At that moment she seemed as sacred and chaste to me in her unveiled beauty, as did the divinity of long ago. I sank down on my knees before her, and devoutly pressed my lips on her foot.
My soul which had been storm-tossed only a little while earlier, suddenly was perfectly calm, and I now felt no element of cruelty in Wanda.
She slowly descended the stairs, and I could watch her with a calmness in which not a single atom of torment or desire was intermingled. I could see her plunge into and rise out of the crystalline water, and the wavelets which she herself raised played about her like tender lovers.
Our nihilistic aesthetician is right when he says: a real apple is more beautiful than a painted one, and a living woman is more beautiful than a Venus of stone.
And when she left the bath, and the silvery drops and the roseate light rippled down her body, I was seized with silent rapture. I wrapped the linen sheets about her, drying her glorious body. The calm bliss remained with me, even now when one foot upon me as upon a footstool, she rested on the cushions in her large velvet cloak. The lithe sables nestled desirously against her cold marble-like body. Her left arm on which she supported herself lay like a sleeping swan in the dark fur of the sleeve, while her left hand played carelessly with the whip.
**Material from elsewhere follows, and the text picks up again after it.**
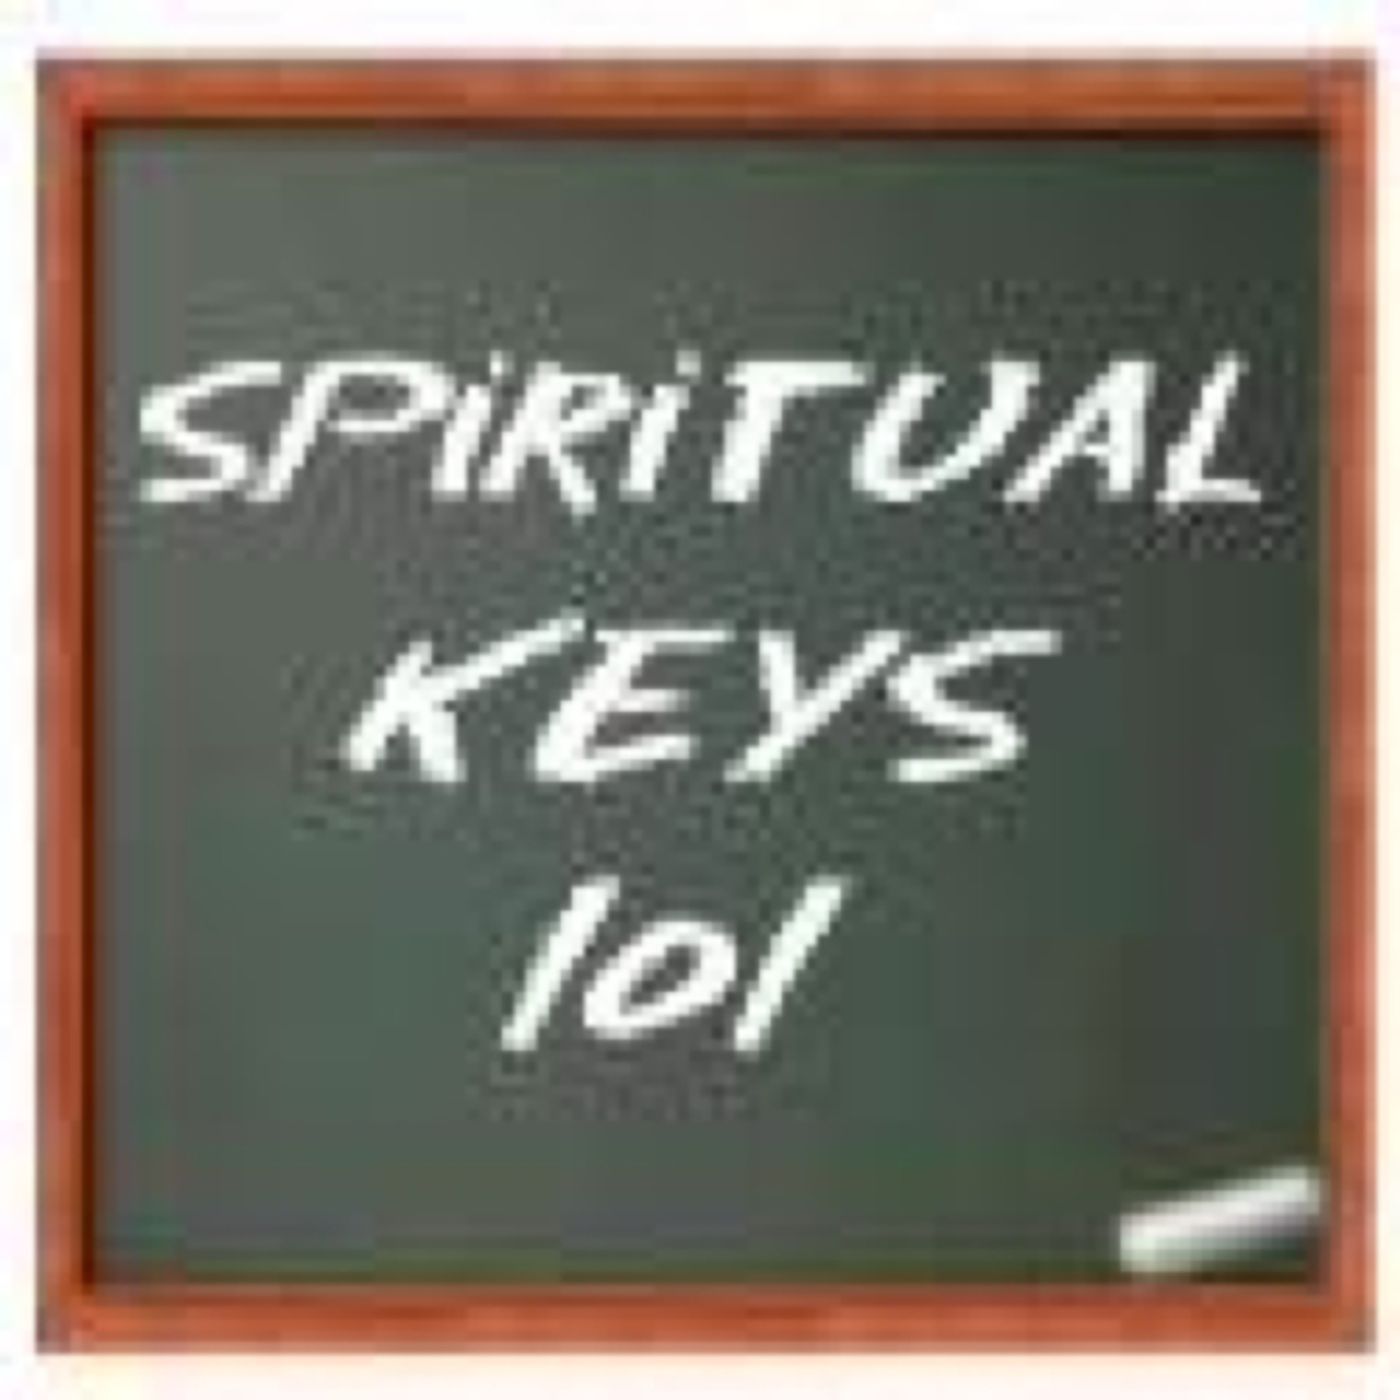 Spiritual Keys

By chance my look fell on the massive mirror on the wall opposite, and I cried out, for I saw the two of us in its golden frame as in a picture. The picture was so marvelously beautiful, so strange, so imaginative, that I was filled with deep sorrow at the thought that its lines and colors would have to dissolve like mist.
"What is the matter?" asked Wanda.
I pointed to the mirror.
"Ah, that is really beautiful," she exclaimed, "too bad one can't capture the moment and make it permanent."
"And why not?" I asked. "Would not any artist, even the most famous, be proud if you gave him leave to paint you and make you immortal by means of his brush.
"The very thought that this extra-ordinary beauty is to be lost to the world," I continued still watching her enthusiastically, "is horrible--all this glorious facial expression, this mysterious eye with its green fires, this demonic hair, this magnificence of body. The idea fills me with a horror of death, of annihilation. But the hand of an artist shall snatch you from this. You shall not like the rest of us disappear absolutely and forever, without leaving a trace of your having been. Your picture must live, even when you yourself have long fallen to dust; your beauty must triumph beyond death!"